E destaca, ainda, a questão da visibilidade. “Quando você entra na plataforma, não sabe o que tem lá. O que colocam na capa é mais assistido. Ou seja, tem de dar proeminência, visibilidade para o produto nacional”, explica.

“Esses são os pontos que a gente faz questão de colocar e não querem. E o ministério não aceitou. Pela primeira deixou de assumir o lado da produção brasileira independente, que é o audiovisual brasileiro. Pela primeira vez temos um Ministério da Cultura que não enxerga o setor da produção brasileira como prioridade”, reclama. “Isso não está entre as preocupações de primeiro momento desse governo. Para eles num segundo momento a gente vê. Mas não vai existir segundo momento. Tem de fazer a regulamentação de tudo ou nunca vai acontecer”, avalia. “É uma coisa que vai ficar para os próximos 30 anos, o VoD. O que for decidido, fica. Depois de consolidado, não reverte. A Netflix até financia muita coisa no Brasil, séries, mas é política para entrar no mercado. No querem ouvir falar em cotas.” 
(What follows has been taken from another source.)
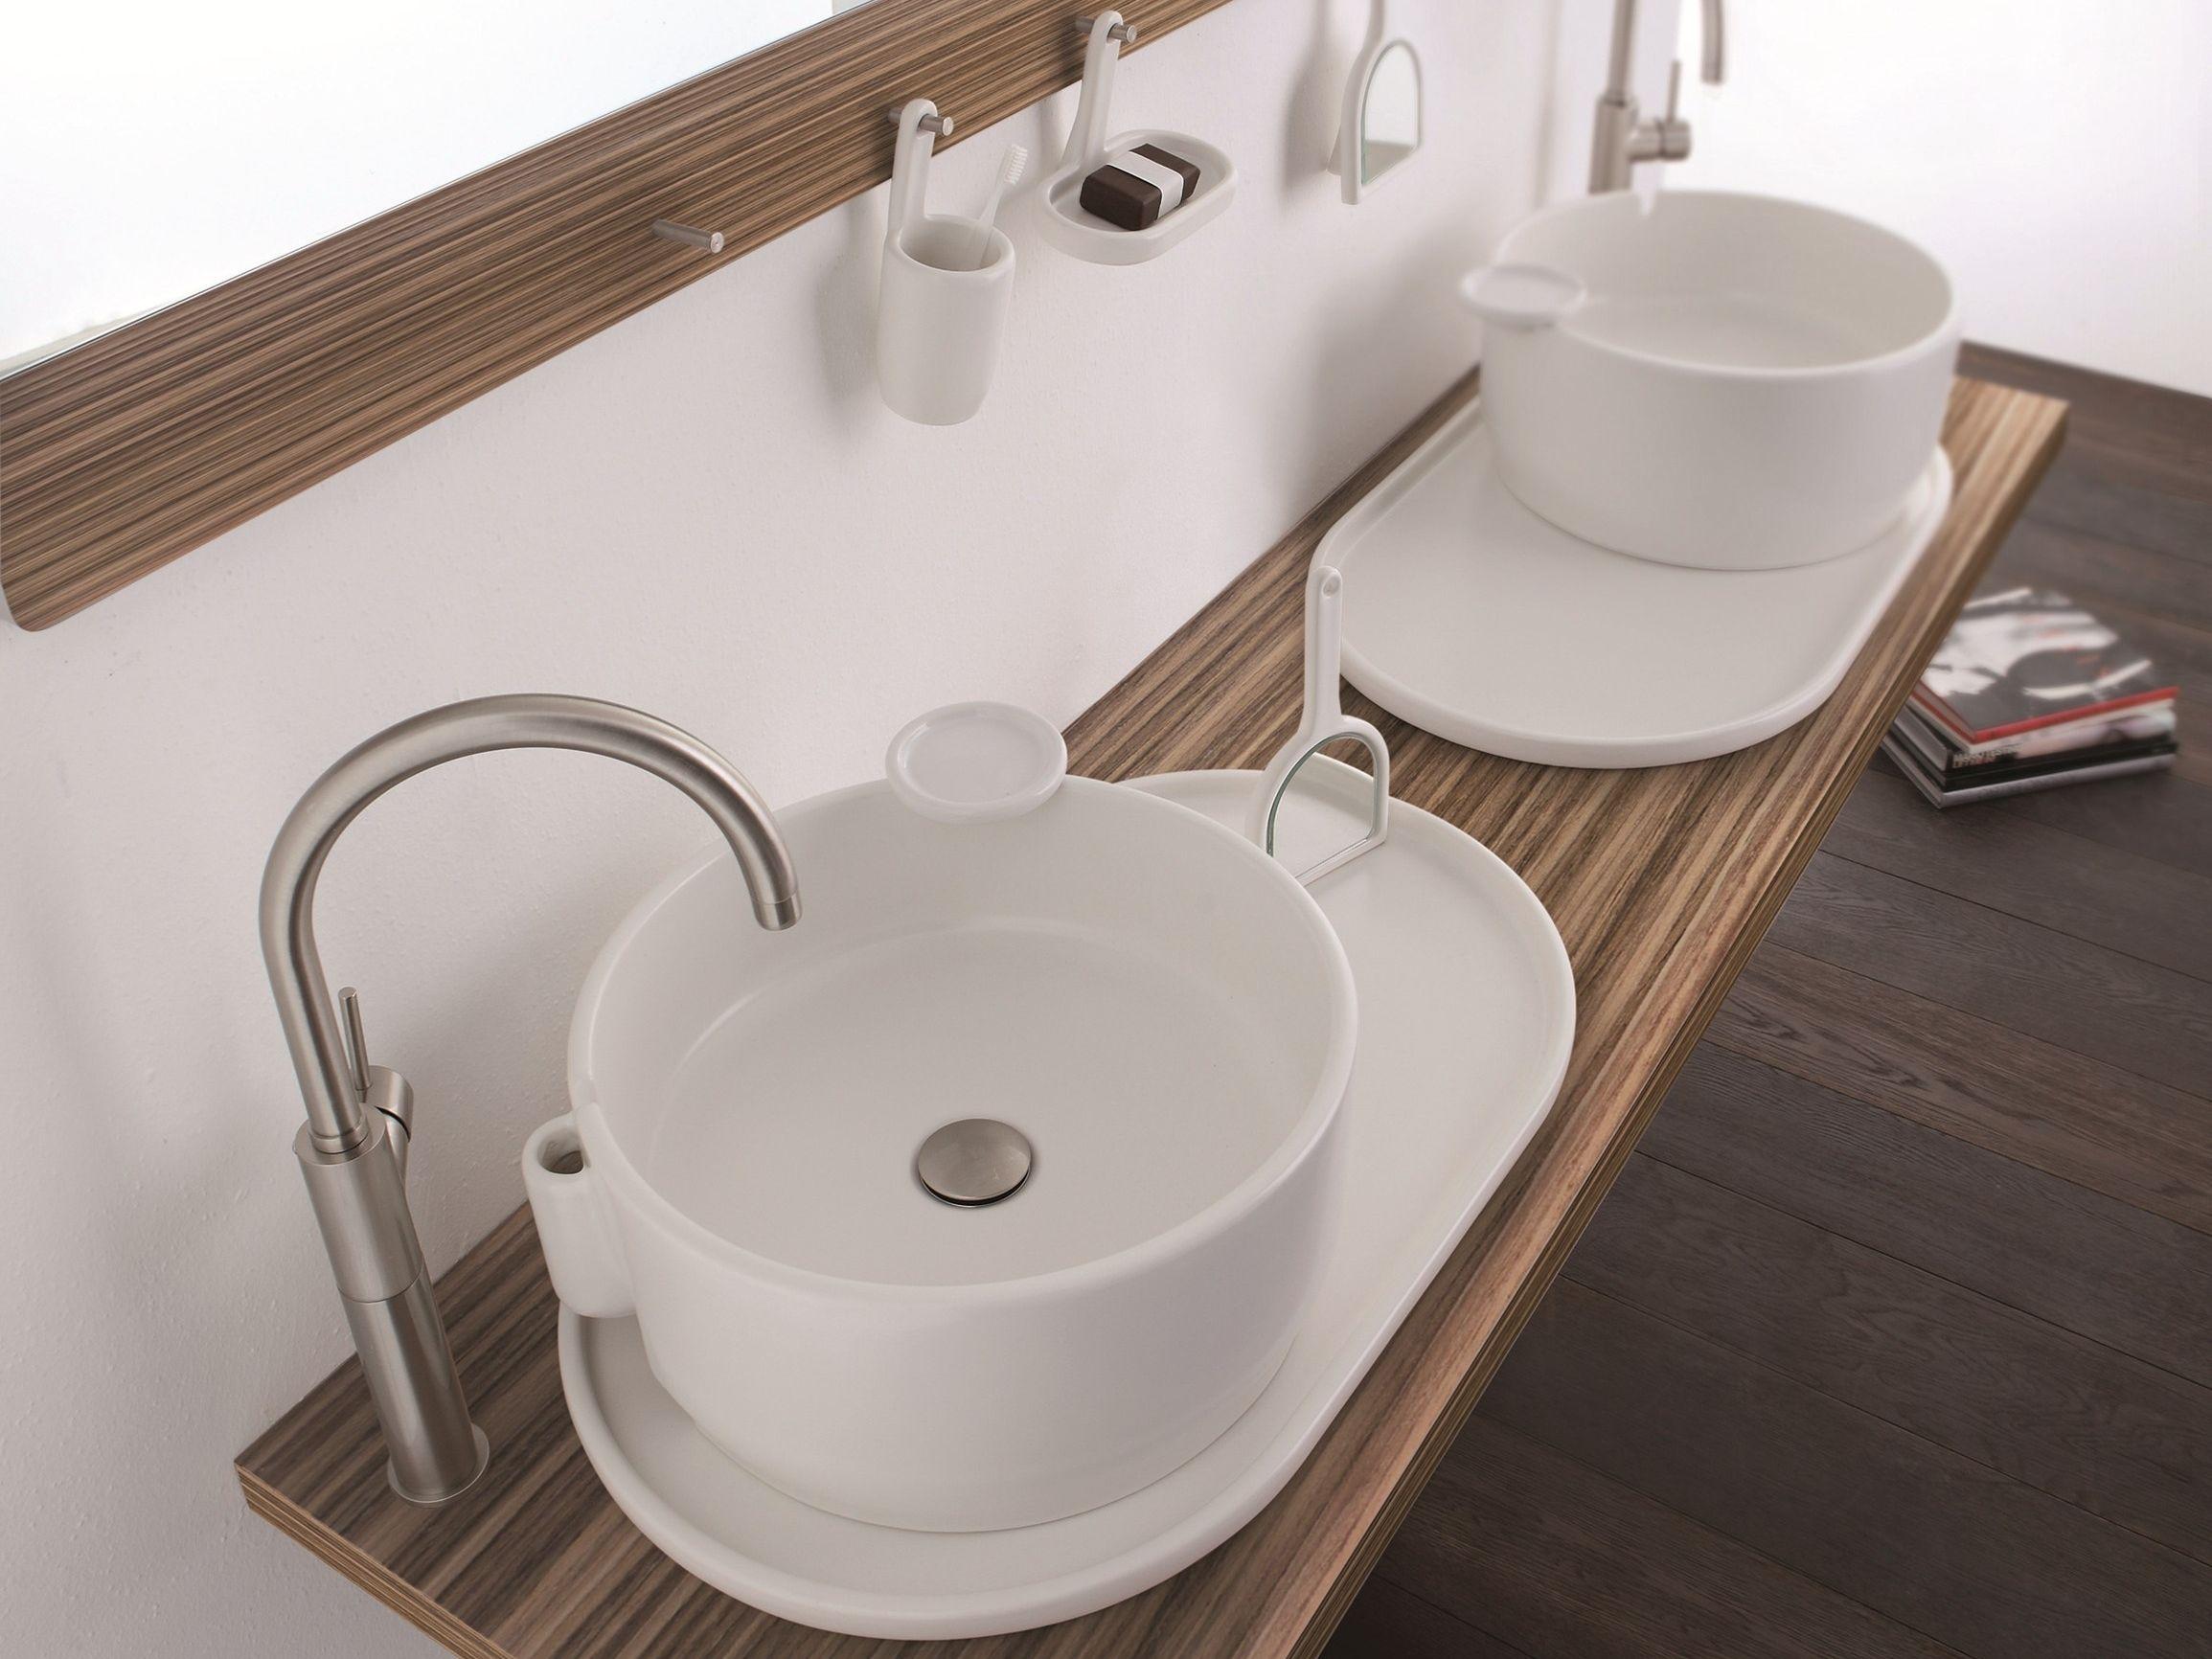 ukiyo e aufsatzwaschbecken by olympia ceramica. Black Bedroom Furniture Sets. Home Design Ideas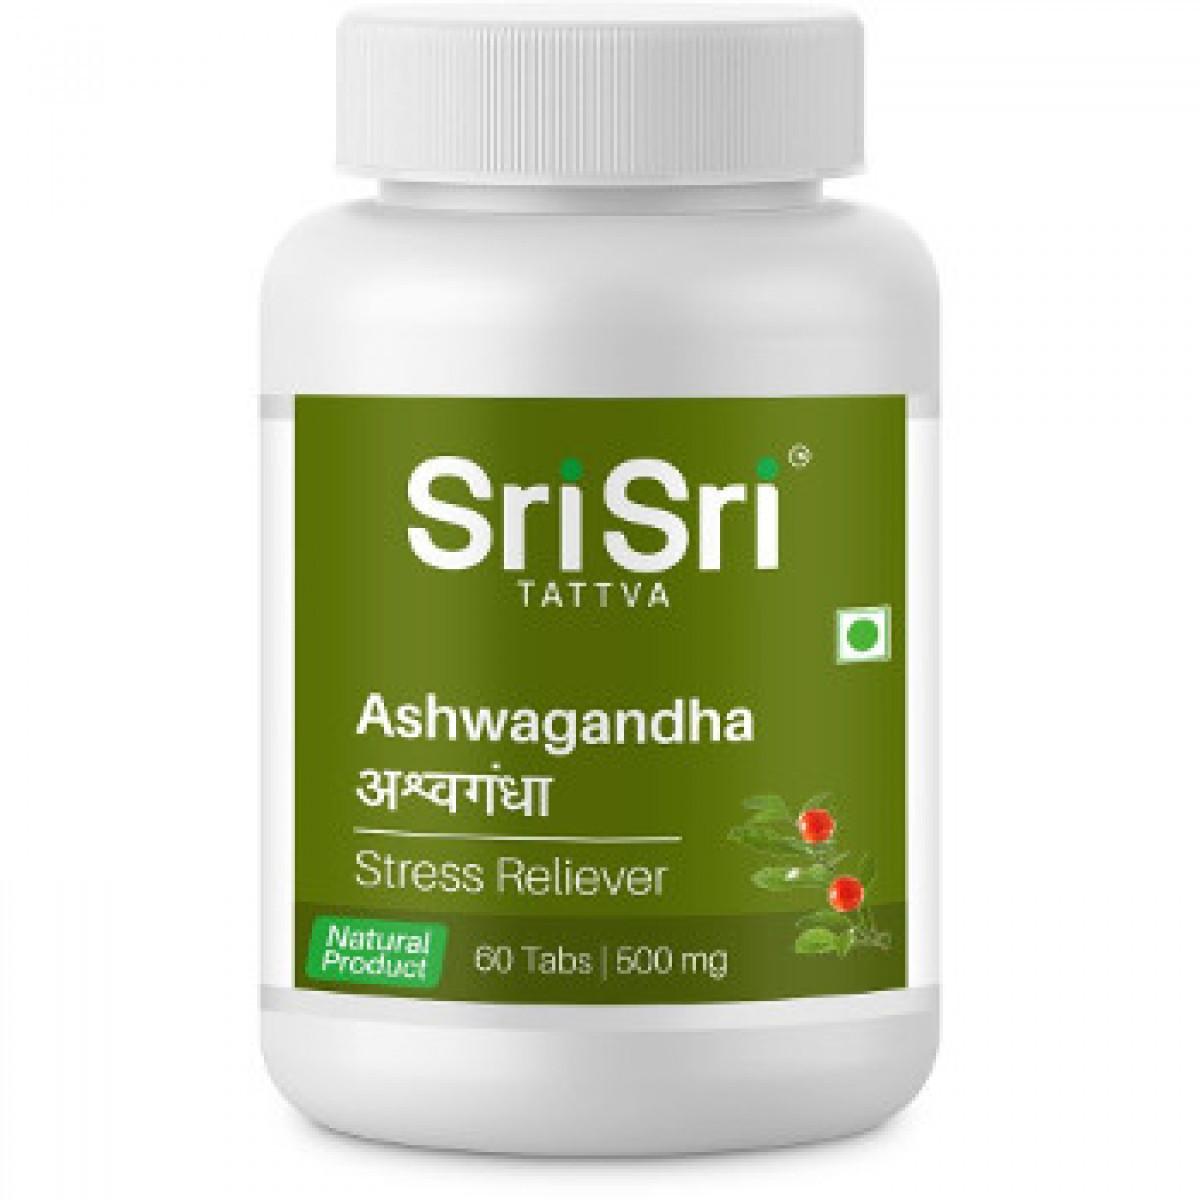 Ашваганда 60 таблеток, Sri Sri Tattva, наделяет организм физической и умственной силой,

Klotzel defende que qualquer país desenvolvido deve ter um audiovisual próprio e não apenas ser consumidor de importados. “Não é possível que o Brasil, com 200 milhões de habitantes, renuncie à possibilidade de fazer cinema e TV. E estarão renunciando. Os produtores independentes, por maiores que sejam, são todos pequenos. Até a Globo fica pequena quando você começa a colocar Apple, Amazon, Netflix. Fica nanica.”